# [TASK STATEMENT]
In the listing below, find the line with "The key to retiring rich" and the line with "Happy 70th birthday to Xi Jinping!", then return them and every line between them exactly, minus the pictures.

# [RAW DATA]
· · · · · · ·

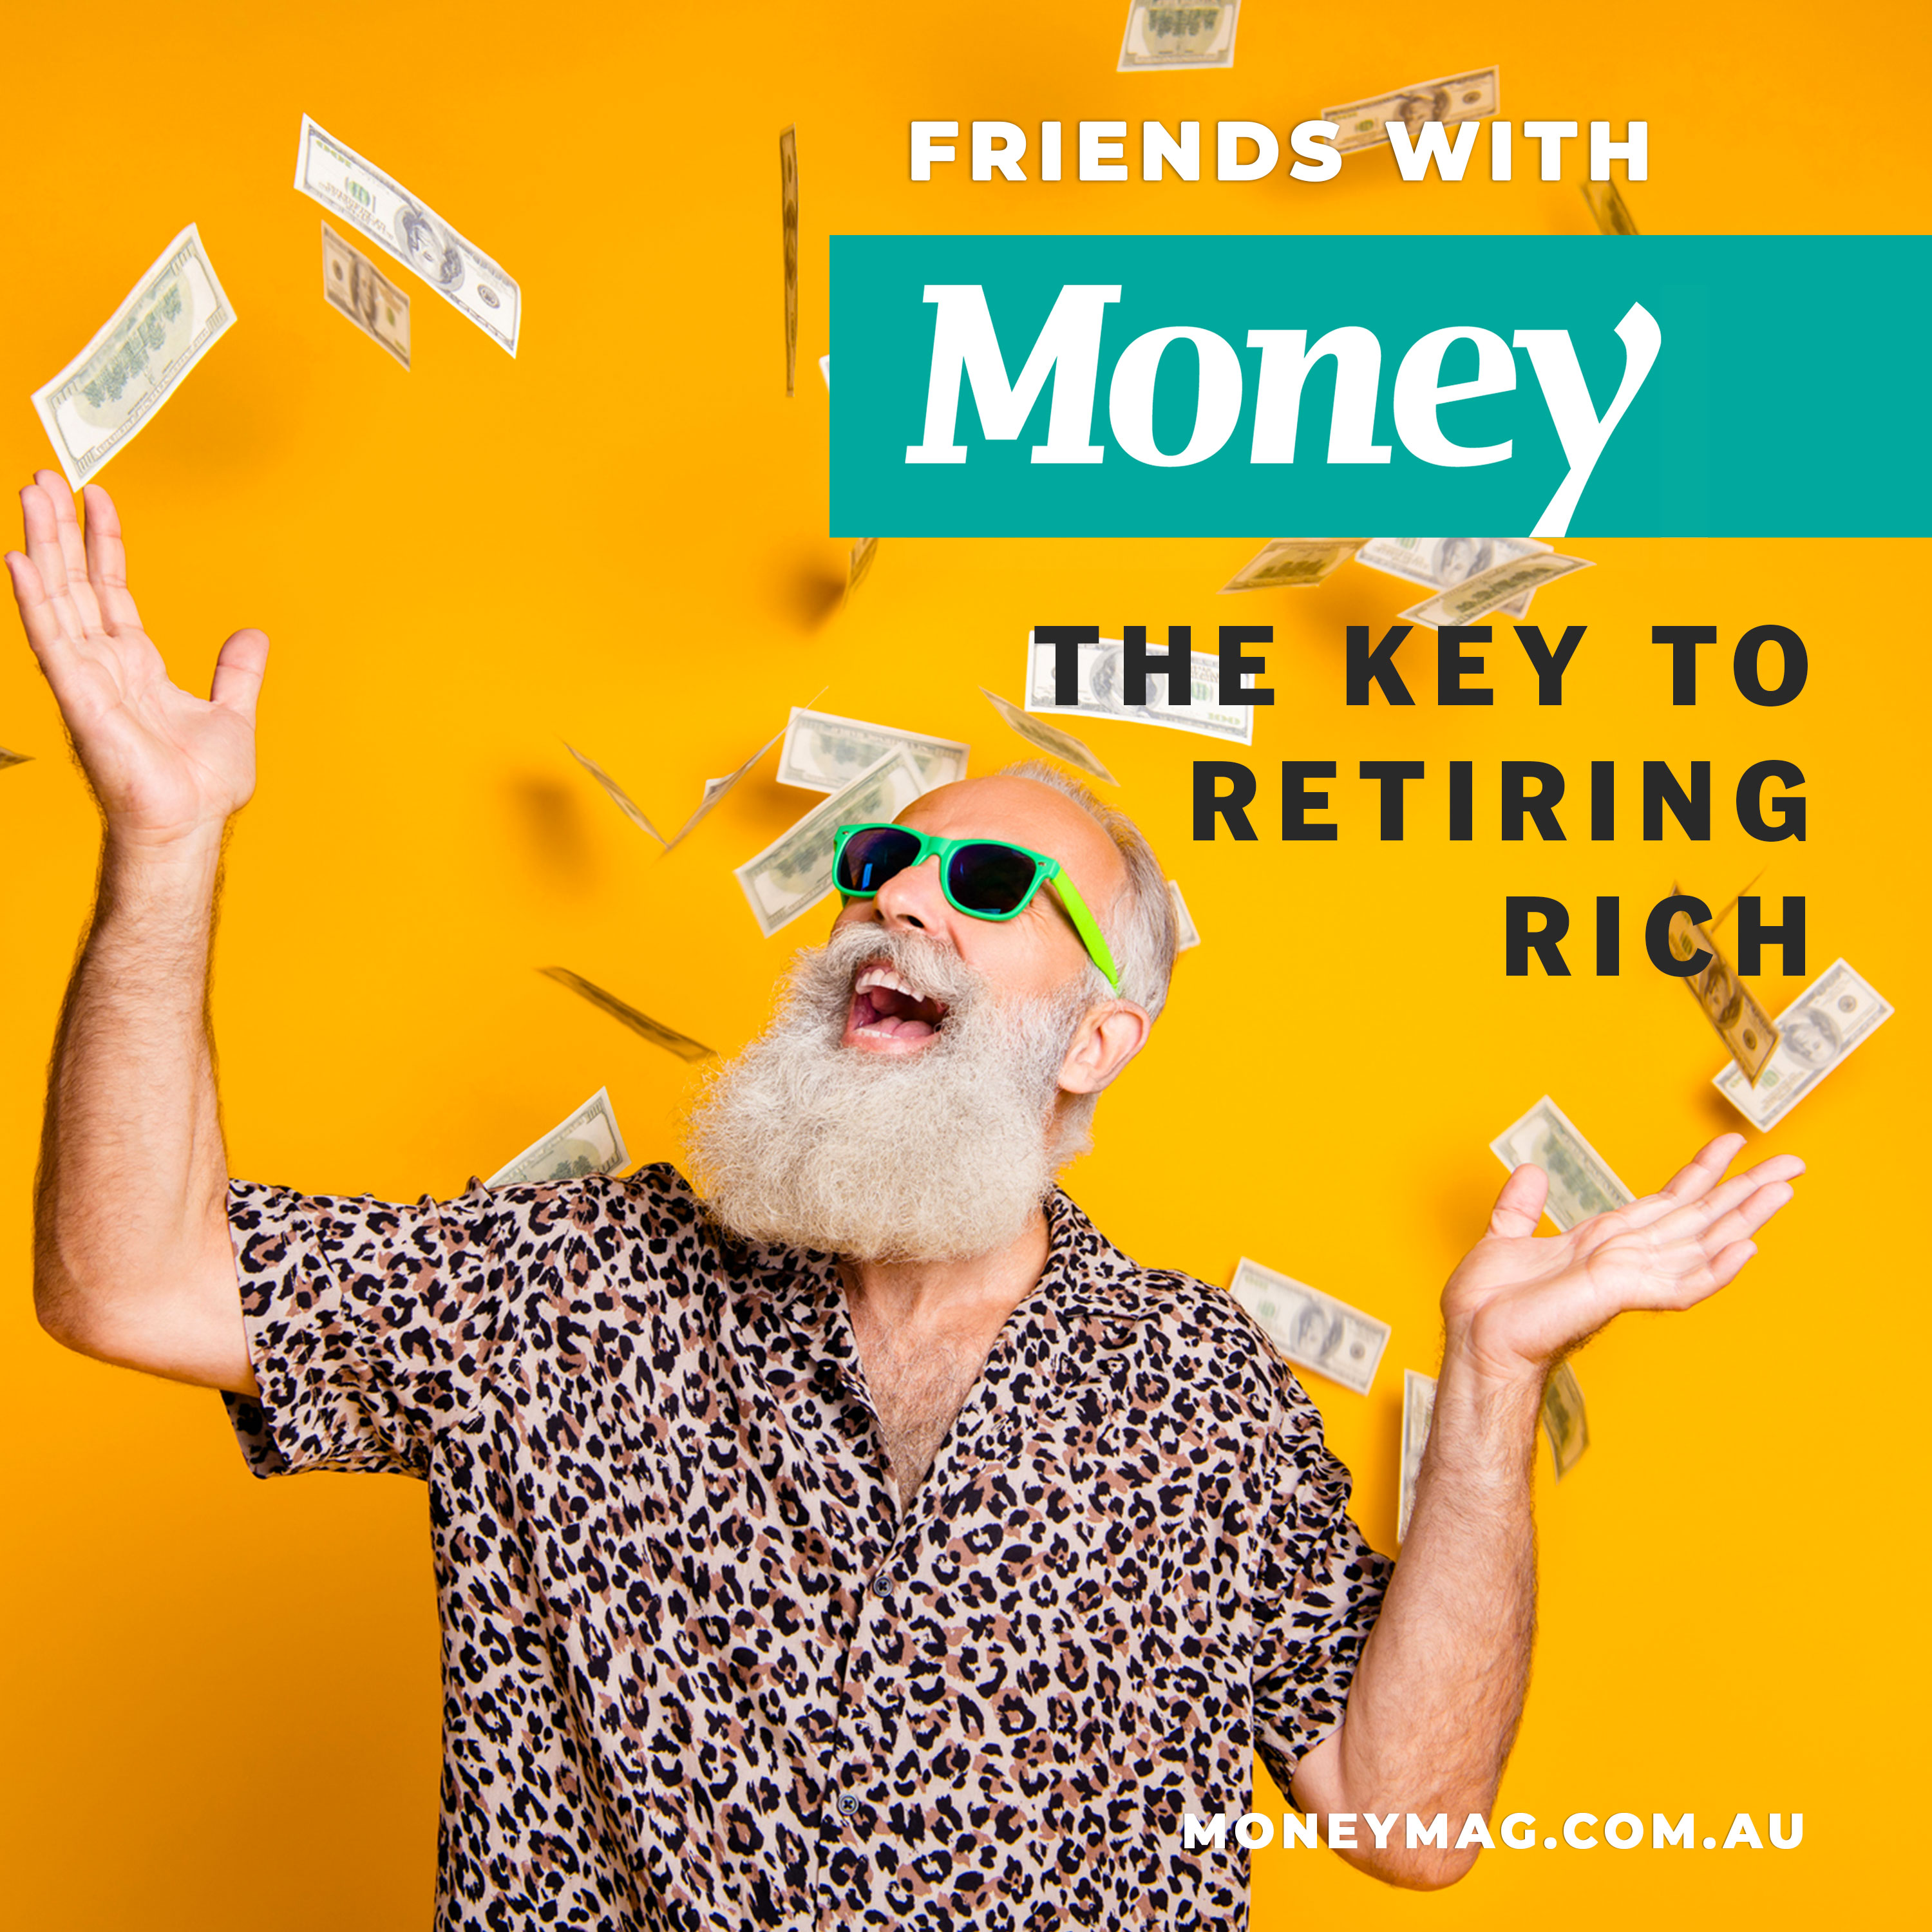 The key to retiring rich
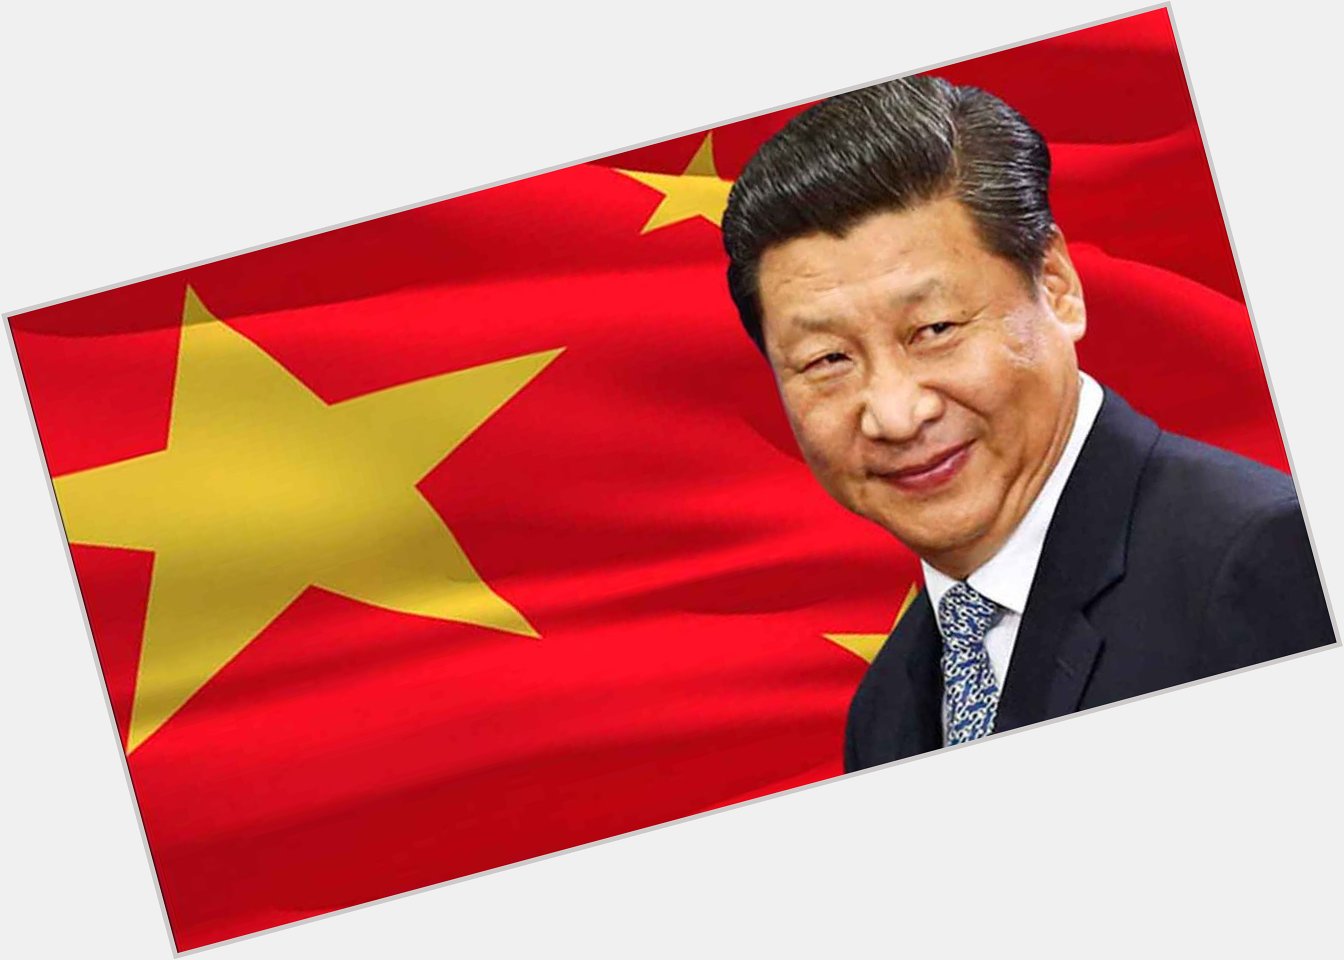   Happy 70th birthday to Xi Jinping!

· · · · · · ·

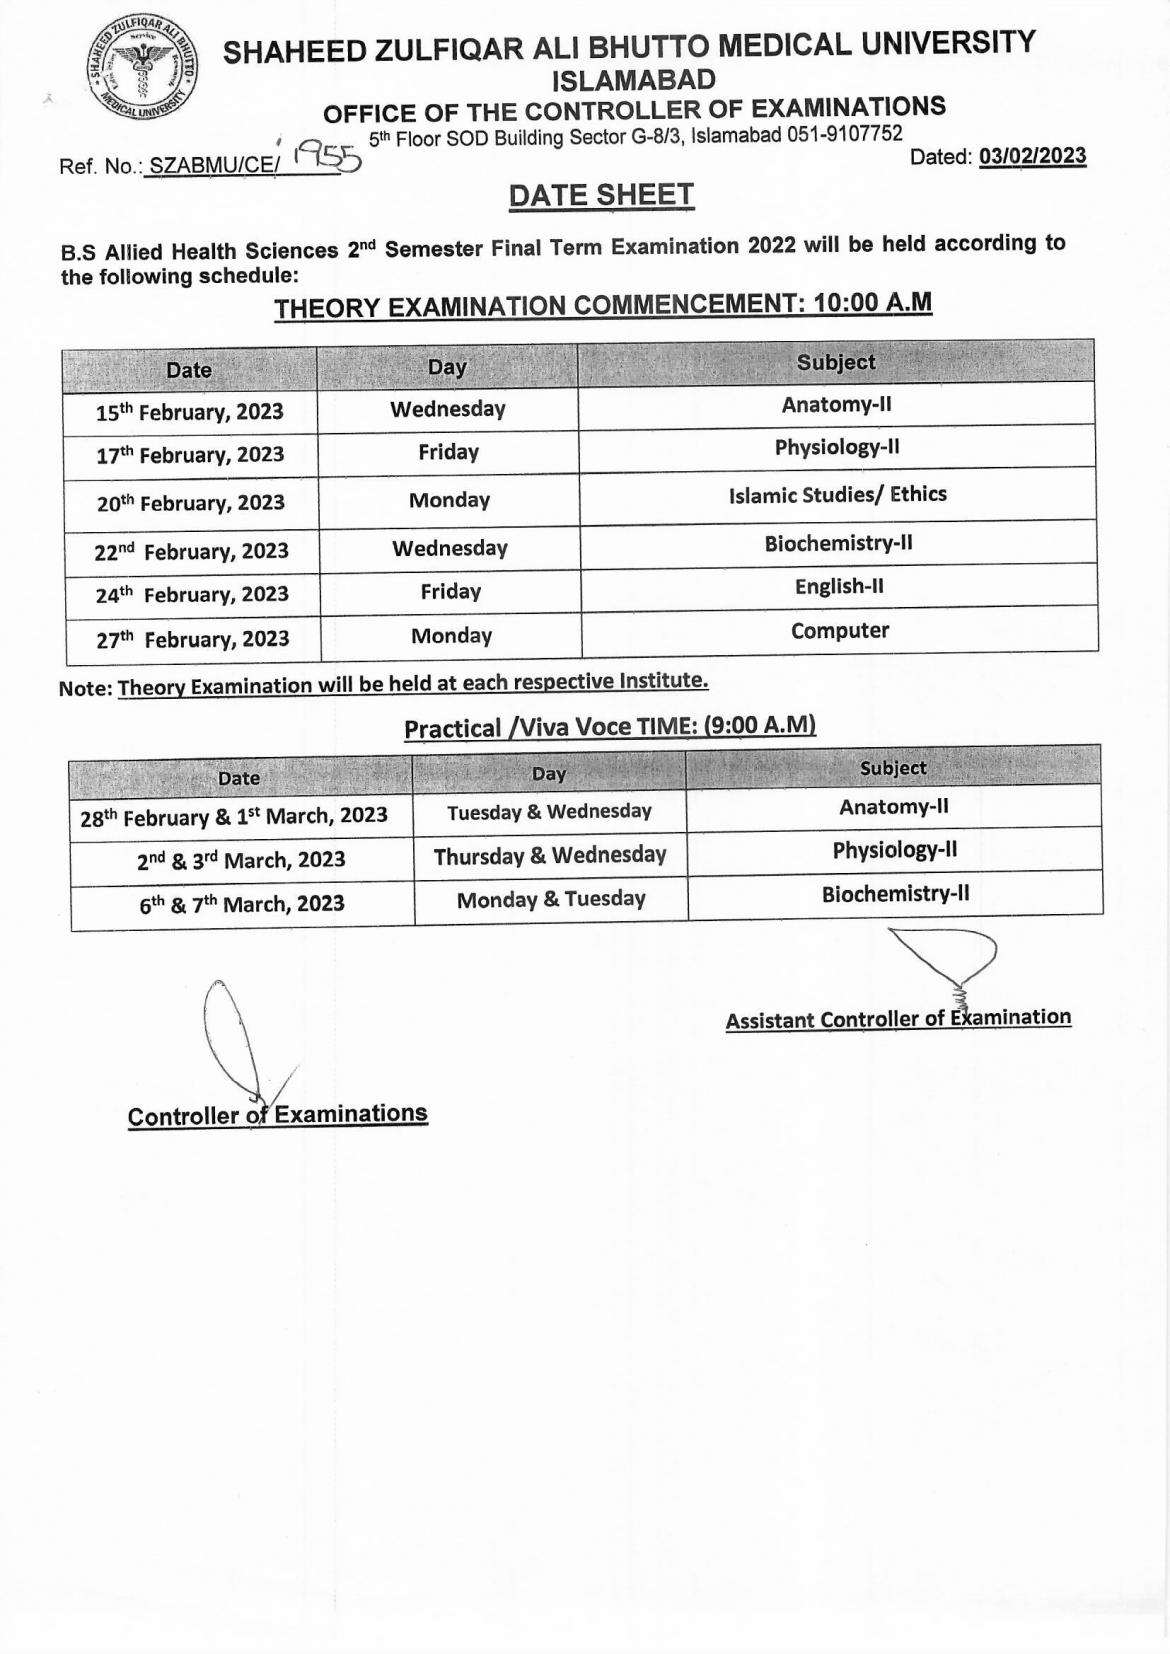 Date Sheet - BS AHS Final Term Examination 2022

· · · · · · ·

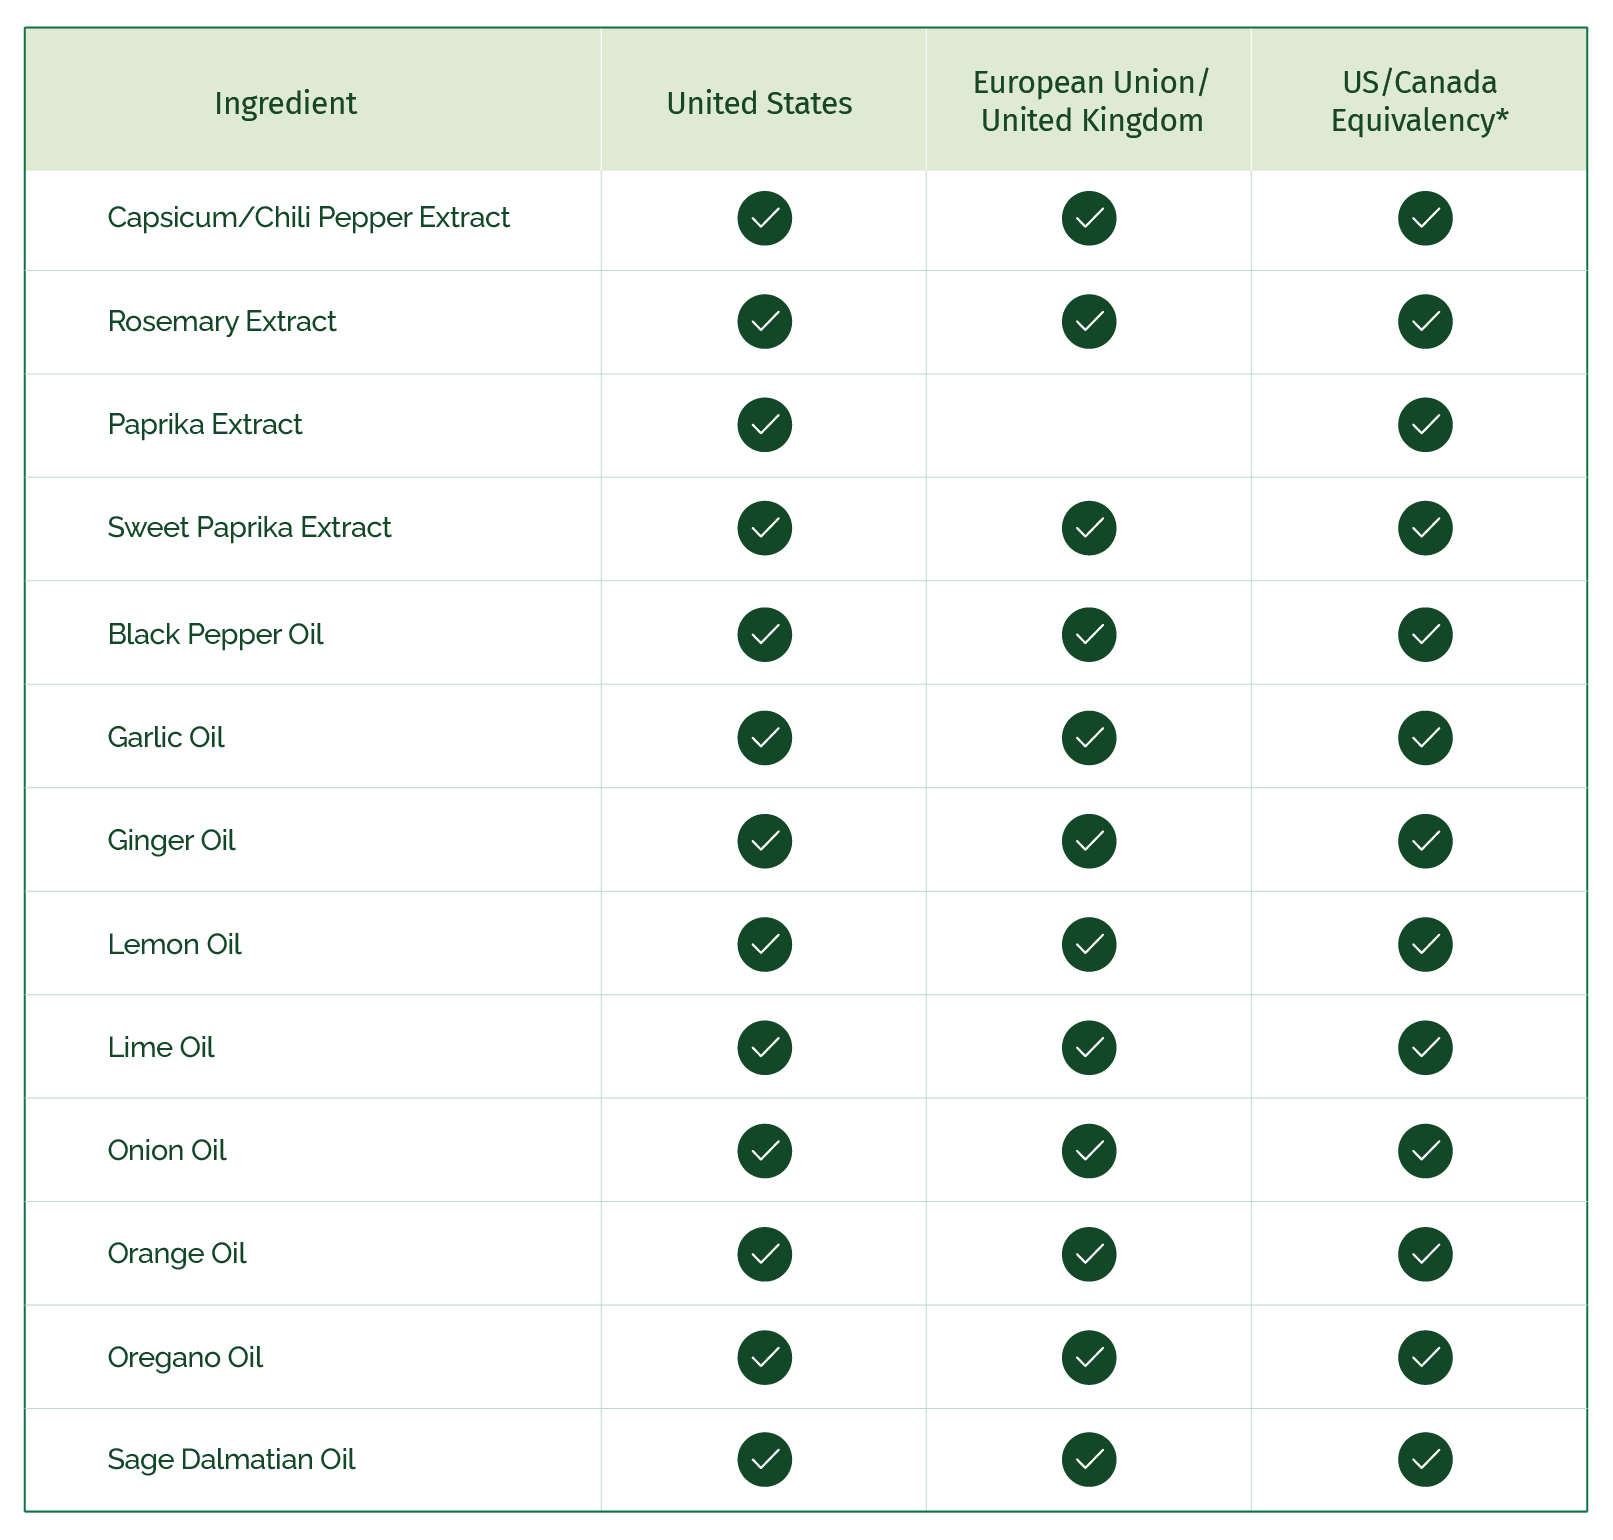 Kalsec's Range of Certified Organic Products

· · · · · · ·

# [EXERCISE RESULT]
 The key to retiring rich
   Happy 70th birthday to Xi Jinping!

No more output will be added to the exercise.